Exam 9: Techniques of Integration

Determine the integral by making an appropriate substitution. - $\int x ^ { 2 } \sin \left( 7 x ^ { 3 } - 6 \right) d x$

The shaded area in the diagram represents an estimation $\int _ { a } ^ { b } f ( x )$ dx using:

Does this integral $\int x \cos 5 x d x$ = $\frac { 1 } { 5 }$ x sin 5x - $\frac { 1 } { 25 }$ cos 5x + C?

Approximate $\int _ { 0 } ^ { 1 } \frac { 1 } { 1 + x ^ { 2 } }$ dx; n = 4, by (a) Simpson's rule and (b) the trapezoidal rule. Enter your answers in that order as just unlabeled real numbers rounded to two decimal places, separated by a comma.

Does this integral $\int$ $\frac { \ln ( \ln x ) } { x }$ dx = ln x(ln(ln x) -1) + C?

Determine the integral by making an appropriate substitution. - $\int \frac { \sin \theta \cos ^ { 2 } \theta } { 1 + \cos ^ { 3 } \theta }$ dθ

Determine the integral by making an appropriate substitution. - $\int \frac { \sin x } { 1 - \cos x } d x$

$\int ( x - 1 ) e ^ { \left( 3 x ^ { 2 } - 6 x \right) } d x$ Enter your answer with any coefficients in front as integers or reduced fractions of form a/b.

Does this integral $\int$ $\frac { \cos x } { ( 3 \sin x + 1 ) ^ { 2 } }$ dx = $\frac { 1 } { 3 ( 3 \sin x + 1 ) }$ + C?

Evaluate the integral using integration by parts. - $\int e ^ { a x } \sin b x d x$

Evaluate the integral using integration by parts. - $\int x e ^ { 3 x } d x$

A company estimates that the rate of revenue produced by an investment will be K(t) thousand dollars per year at time t, where $\mathrm { K } ( \mathrm { t } ) = 9 \mathrm { t } \mathrm { e } ^ { - 0.2 \mathrm { t } }$ Find the present value of this stream of income over the next four years using 10% interest rate. Enter just an integer (no units) representing the amount to the nearest dollar.

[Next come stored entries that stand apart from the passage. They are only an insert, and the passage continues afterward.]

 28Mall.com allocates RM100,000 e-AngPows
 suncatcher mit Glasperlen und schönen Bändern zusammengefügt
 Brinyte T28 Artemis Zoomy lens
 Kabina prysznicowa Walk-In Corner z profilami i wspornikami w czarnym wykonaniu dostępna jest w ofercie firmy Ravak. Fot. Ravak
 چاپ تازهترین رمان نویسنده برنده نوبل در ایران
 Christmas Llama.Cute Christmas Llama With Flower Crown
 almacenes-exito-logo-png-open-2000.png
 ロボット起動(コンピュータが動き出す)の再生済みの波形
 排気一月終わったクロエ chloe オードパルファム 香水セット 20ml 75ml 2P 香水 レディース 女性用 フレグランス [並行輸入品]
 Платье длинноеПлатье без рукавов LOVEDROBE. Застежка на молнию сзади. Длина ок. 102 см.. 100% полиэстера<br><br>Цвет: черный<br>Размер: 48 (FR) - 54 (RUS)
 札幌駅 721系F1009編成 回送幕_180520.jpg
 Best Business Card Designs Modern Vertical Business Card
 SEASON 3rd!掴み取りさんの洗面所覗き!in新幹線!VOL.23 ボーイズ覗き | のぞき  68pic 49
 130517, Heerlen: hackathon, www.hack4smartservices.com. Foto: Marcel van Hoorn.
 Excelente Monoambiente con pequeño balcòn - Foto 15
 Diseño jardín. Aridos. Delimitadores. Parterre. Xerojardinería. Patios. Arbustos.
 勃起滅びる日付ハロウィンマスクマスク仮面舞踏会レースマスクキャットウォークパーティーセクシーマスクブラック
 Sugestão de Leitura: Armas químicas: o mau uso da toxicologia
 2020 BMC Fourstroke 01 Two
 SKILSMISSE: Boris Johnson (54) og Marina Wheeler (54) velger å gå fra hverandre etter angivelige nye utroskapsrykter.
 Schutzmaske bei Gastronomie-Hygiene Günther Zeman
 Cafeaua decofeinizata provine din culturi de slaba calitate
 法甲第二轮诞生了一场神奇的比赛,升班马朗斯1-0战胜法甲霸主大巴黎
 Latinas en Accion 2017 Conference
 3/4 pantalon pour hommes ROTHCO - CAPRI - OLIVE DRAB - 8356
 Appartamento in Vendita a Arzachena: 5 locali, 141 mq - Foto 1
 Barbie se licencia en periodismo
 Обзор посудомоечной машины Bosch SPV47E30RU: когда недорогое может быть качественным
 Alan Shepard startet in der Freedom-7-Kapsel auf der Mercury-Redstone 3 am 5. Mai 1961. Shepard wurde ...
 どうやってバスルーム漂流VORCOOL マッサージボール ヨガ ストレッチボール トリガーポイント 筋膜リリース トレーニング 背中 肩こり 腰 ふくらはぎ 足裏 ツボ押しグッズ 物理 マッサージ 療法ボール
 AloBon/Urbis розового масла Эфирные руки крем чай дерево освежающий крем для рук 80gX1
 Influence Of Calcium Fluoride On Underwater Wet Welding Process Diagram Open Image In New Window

Evaluate the improper integral whenever it is convergent. If it is divergent, state this. - $\int _ { 1 } ^ { \infty } \frac { d x } { x ^ { 2 } }$

Approximate the integral by the trapezoidal rule. - $\int _ { 0 } ^ { 1 } x ^ { 3 } e ^ { x }$ dx; n = 4 Express your answer to four decimal places.

Evaluate the integral using integration by parts. - $\int x ^ { 2 }$ $\mathrm { e } ^ { 2 x }$ dx

Approximate $\int _ { 1 } ^ { 2 } \frac { 1 } { x ^ { 2 } }$ dx; n = 6, by (a) Simpson's rule and (b) the trapezoidal rule. Enter your answers in that order as just unlabeled real numbers rounded to two decimal places, separated by a comma.

Evaluate the integral using integration by parts. - $\int x ^ { 4 } \ln x d x$

$\int \tan ^ { 4 } 2 x \sec ^ { 2 } 2 x d x$ Enter your answer with any coefficients in front as integers or reduced fractions of form $\frac { a } { b }$ . No parentheses around arguments of functions.

Does this integral $\int 3 x \cos x d x$ = 3x sin x + 3 cos x + C?

Does this integral $\int 3 x \sqrt { 4 x + 3 } d x$ = $\frac { 3 ( 2 x - 1 ) ( 4 x + 3 ) ^ { 3 / 2 } } { 20 }$ + C?